A NEW search to find a community willing to host an underground nuclear waste storage bunker is based on 'fundamentally flawed' government policy, council officials in Cumbria have said.

The nationwide scheme to identify a location for a £12 billion geological disposal facility buried at least 200 metres below the surface was relaunched by the government in January and is expected to take 20 years to secure.

It promises incentives including £1m per year for five years for the five communities that volunteer to be on the shortlist - with £2.5m a year for the two that go forward to the testing stage, which would see deep boreholes dug underground.

But experts within Cumbria County Council have instead called for more clarity on how the high level waste - the majority of which is currently kept in storage vessels in west Cumbria - will be kept safe if a suitable location is not identified within the time frame.

They also state the right of willing communities to withdraw from the process is not clear enough within the proposal, while there is no detail about how the waste could be retrieved at a later date if new technology to dispose of it more efficiently is developed.

The authority's official response, expected to be adopted by members of its cabinet committee in Carlisle today, states: "The county council believes the policy on which this consultation is based is fundamentally flawed.

"There is no detail in the consultation about how and what is planned for this current waste to ensure it is safe.

"There is also no detail provided about what will happen if no volunteer community is found within the 20 year period required to prepare for a GDF.

"Having a plan B for the safe storage of this waste during the 15 to 20 year period the government estimate this process, to identify and select a site, will take is vital.

"The waste is still in situ and needs safe surface or near surface storage facilities in the intervening time, which cannot be of a sub-standard quality."

It adds: "The proposal for the right of withdrawal is currently articulated in language that is ambiguous and could easily be misunderstood.

"A clear explanation is required as to what this means in practice."

Once a location is secured, the waste would be entombed in a highly engineered structure made up of multiple layers of steel, rock and clay to provide protection while some of the waste remains radioactive - a process that is expected to take thousands of years.

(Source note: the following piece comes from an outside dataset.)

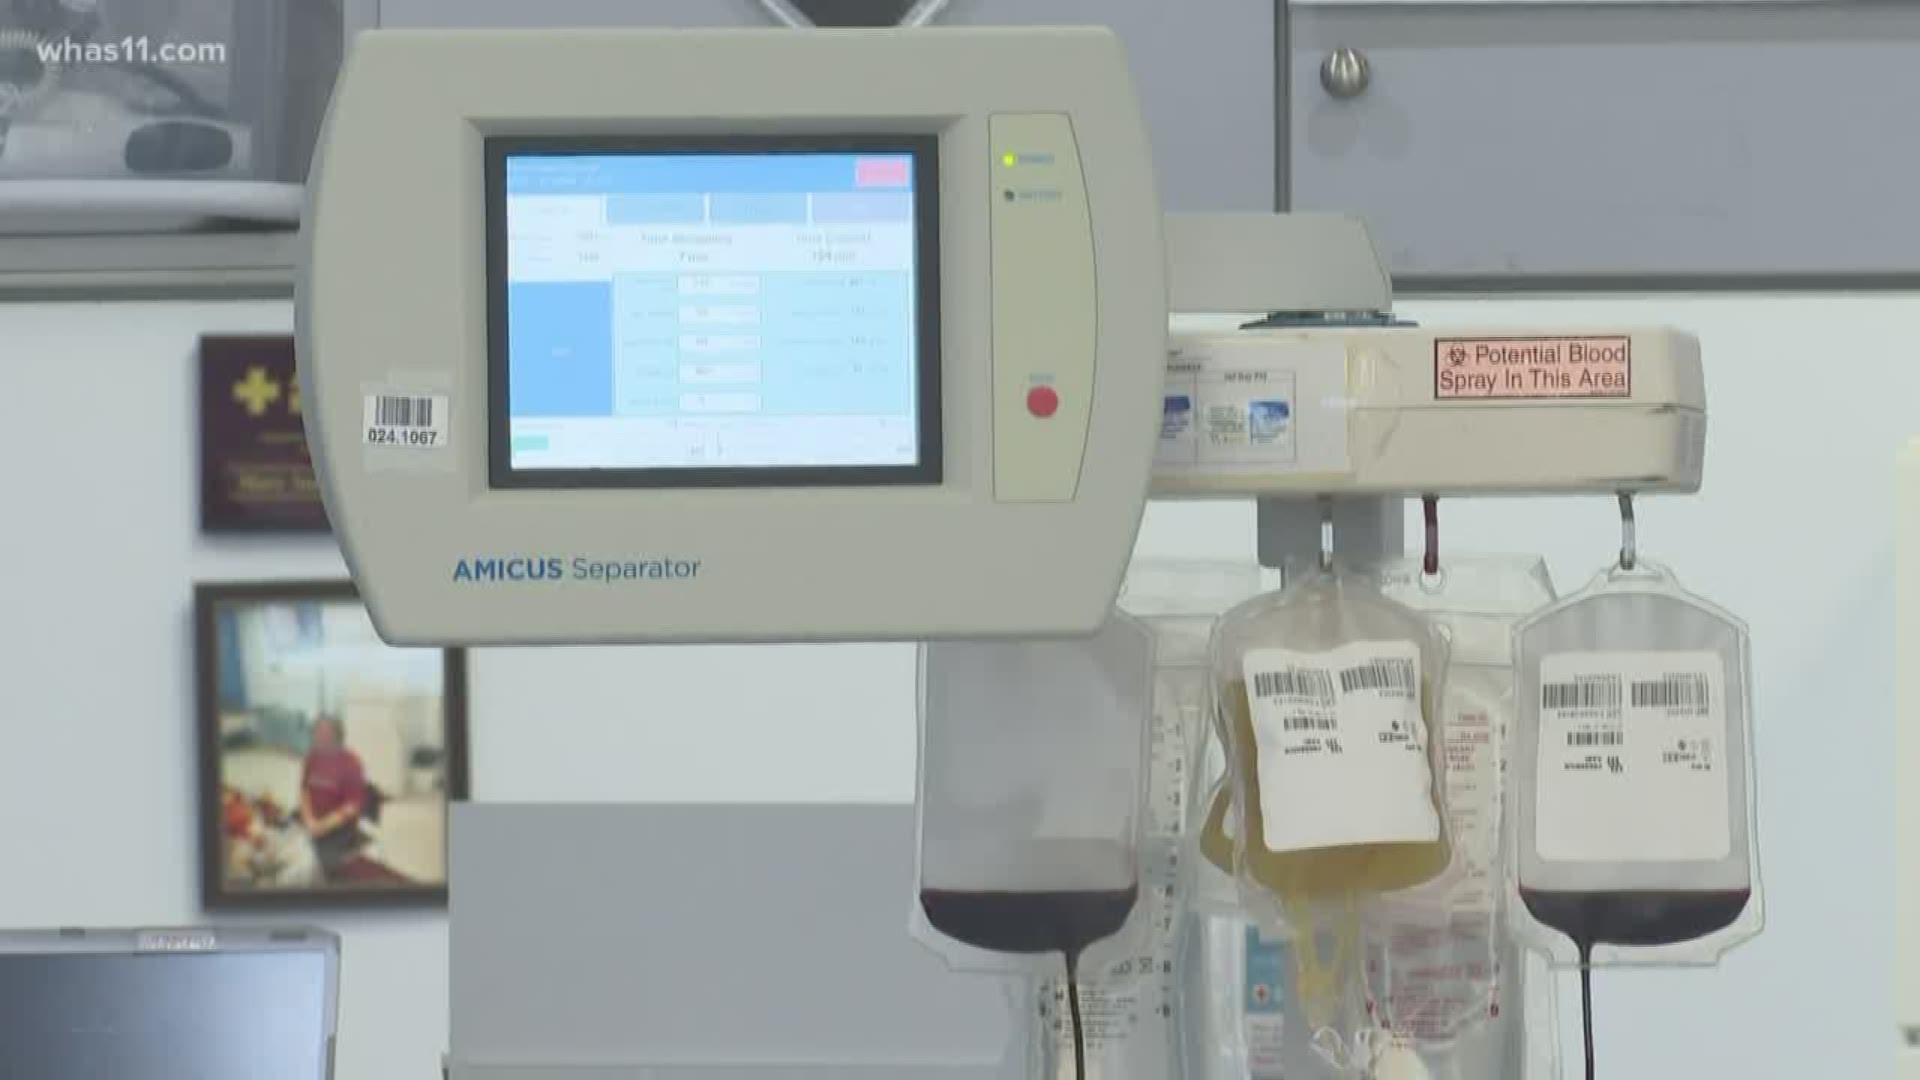 As the number of coronavirus cases grows in the U.S. the Red Cross says the number of people eligible to give blood for those in need could decrease further.

It would be buried between 200 and 1,000 metres below ground covering an area of 10 to 20 square kilometres, with a series of sealed or filled tunnels leading to it.

Above ground, there would be buildings for the receipt and handling of the waste. The facility would be expected to be operational for 100 or more years.

Previous discussions surrounding the potential location of such a facility in Cumbria were abandoned in 2013 after Cumbria County Council withdrew from the process.

Opposition groups across the area claimed the county was not suitable for such a storage facility because of its faulted geology and water.